Student Awards Agency Scotland

Executive agency overview
- Jurisdiction: Scotland
- Employees: 266 (2024/25)
- Executive agency executive: Catherine Topley, Chief Executive Officer;
- Parent Executive agency: Scottish Government
- Website: www.saas.gov.uk

= Student Awards Agency for Scotland =

Executive agency

Student Awards Agency Scotland (SAAS) (Buidheann-tabhartais Oileanach na h-Alba) is an executive agency of the Scottish Government. It supports eligible Scottish students by paying their tuition fees, as well as offering bursaries and supplementary grants. It also assesses students applying for loans. The Agency administers the Individual Learning Accounts Scotland scheme (ILA's) in partnership with Skills Development Scotland (SDS).

== Funding provided ==
SAAS provides funding to students. Some of the most noteworthy are:

=== Tuition fees ===
SAAS pays the tuition fees of eligible Scottish and EU students. SAAS will pay these fees regardless of a student's financial situation.

=== Fee loans ===
SAAS can authorise loans to cover the tuition fees of Scottish students going to study elsewhere in the UK.

=== Student loans ===
Student loans are available to help with living costs. Student loans are paid by the Student Loans Company but students apply for their loan through SAAS. Any eligible student can apply for the minimum loan regardless of their income. The maximum loan is income assessed.

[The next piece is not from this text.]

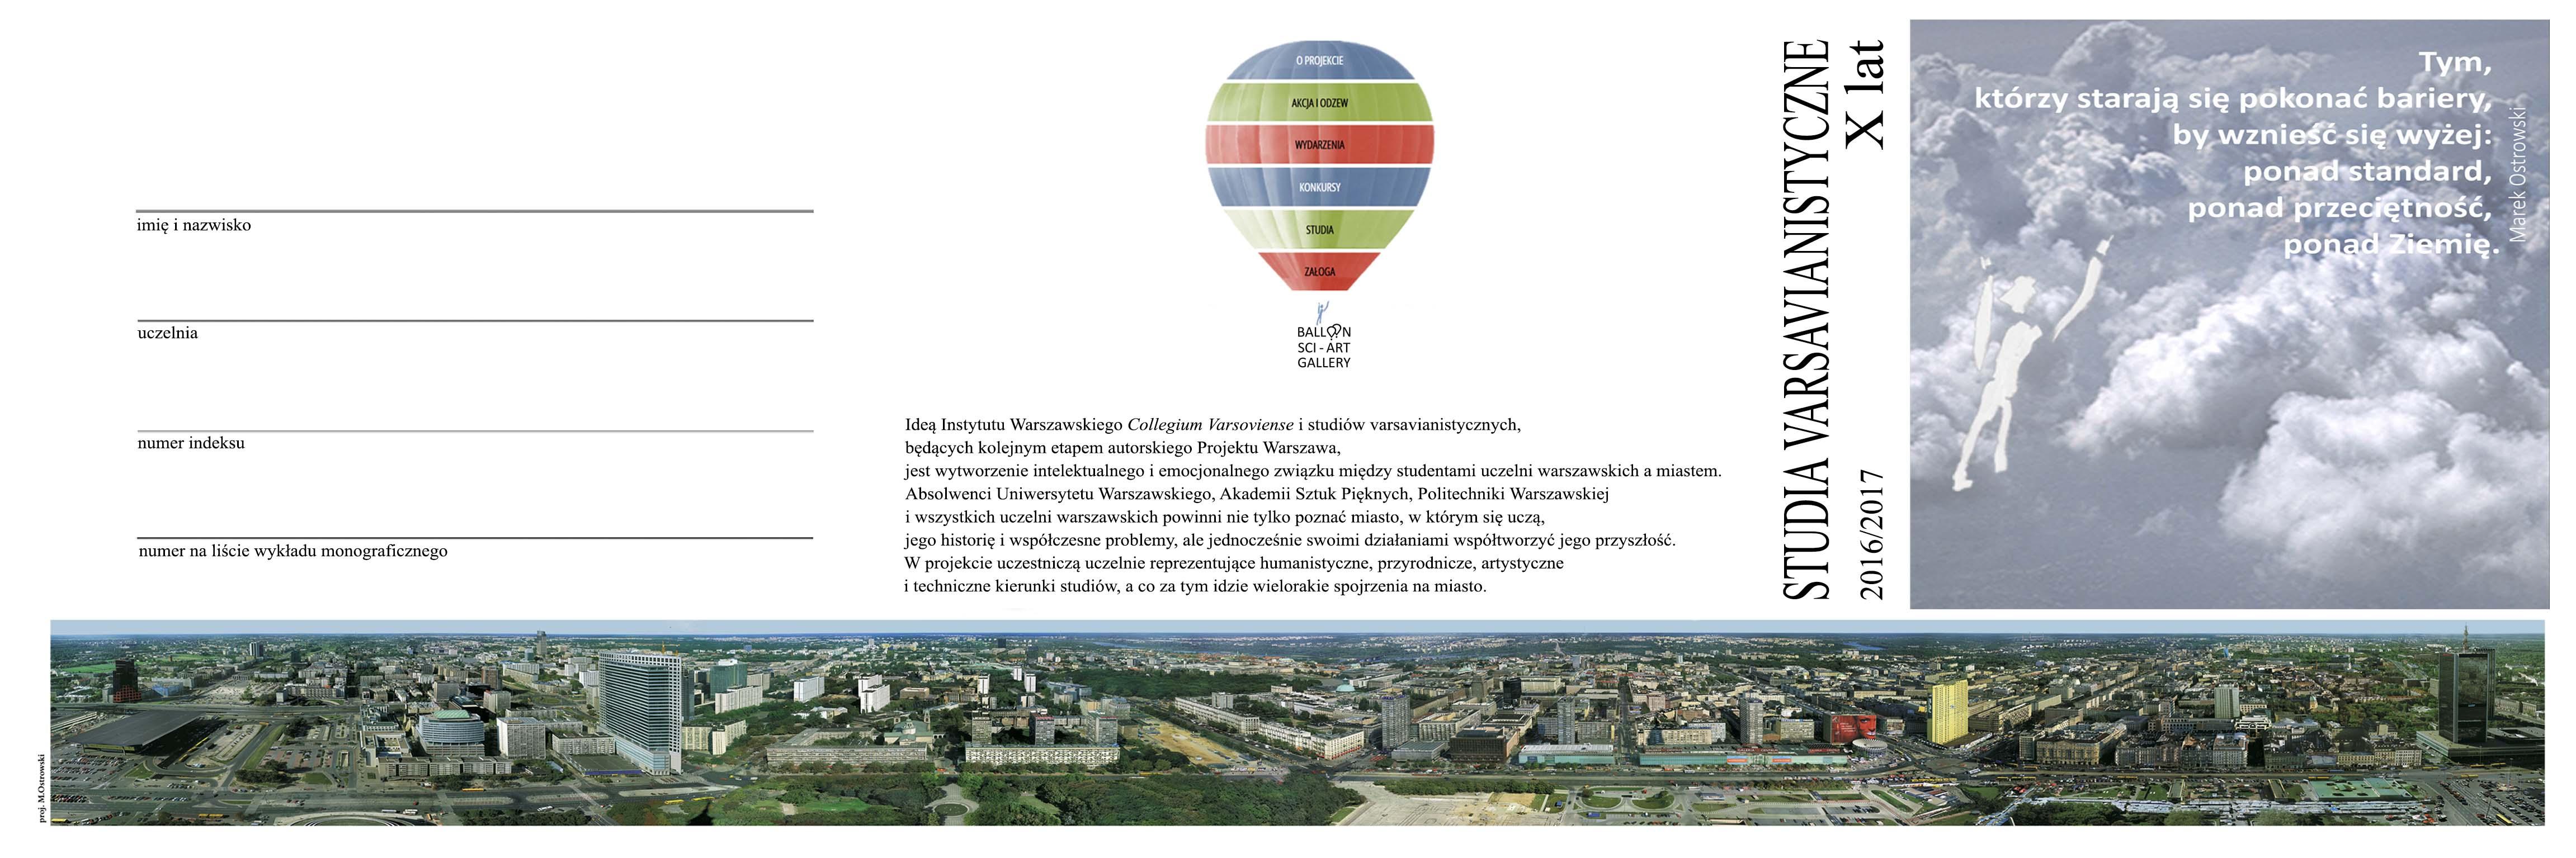 mini-karnet-wykladow-varsavianistycznych2015-2016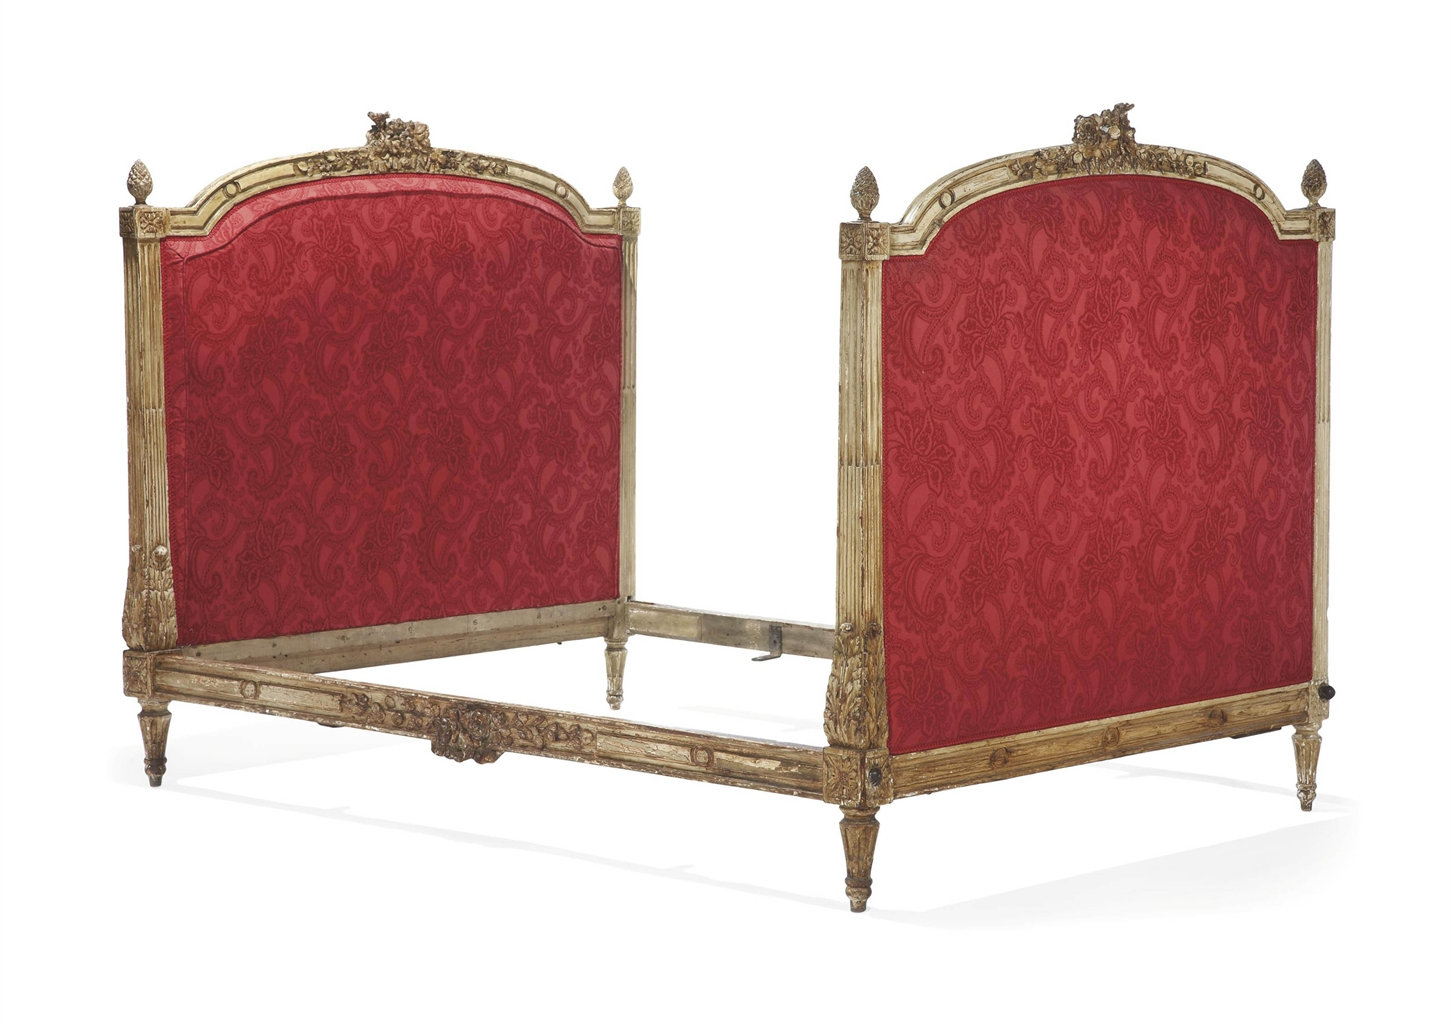 lit d 39 epoque louis xvi estampille de pierre magdeleine pluvinet troisieme quart du xviiieme. Black Bedroom Furniture Sets. Home Design Ideas

The maximum loan that a young student can receive is £5,750, and the maximum loan for an independent student is £6750. However, if your household income is over £34,000 the maximum loan for a student is £4,750.

Students normally do not have to start repaying this loan until the April after they graduate or leave their course. The Student Loans Company (SLC) expect students to pay 9% of any income they earn over £17,335 a year. This threshold normally increases every year with inflation.

=== Bursary ===
A bursary is a non-repayable income-assessed grant to help students with living costs.

A young student can receive a bursary of up to £1,750. To be eligible to receive a bursary an applicant's family have to have a household income of no more than £33,999.

An independent student can receive a bursary of £750. To be eligible to receive the bursary an applicant's spouse/partner must earn no more than £16,999.

Bursaries for higher education students from Scottish households with an income of up to £24,000 will increase by £125 from academic year 2015/16 - raising the maximum available bursary for young students to £1,875, and £875 for independent students. From 2016/17 the household income threshold for receiving the maximum bursary will also be raised from up to £17,000 to up to £19,000.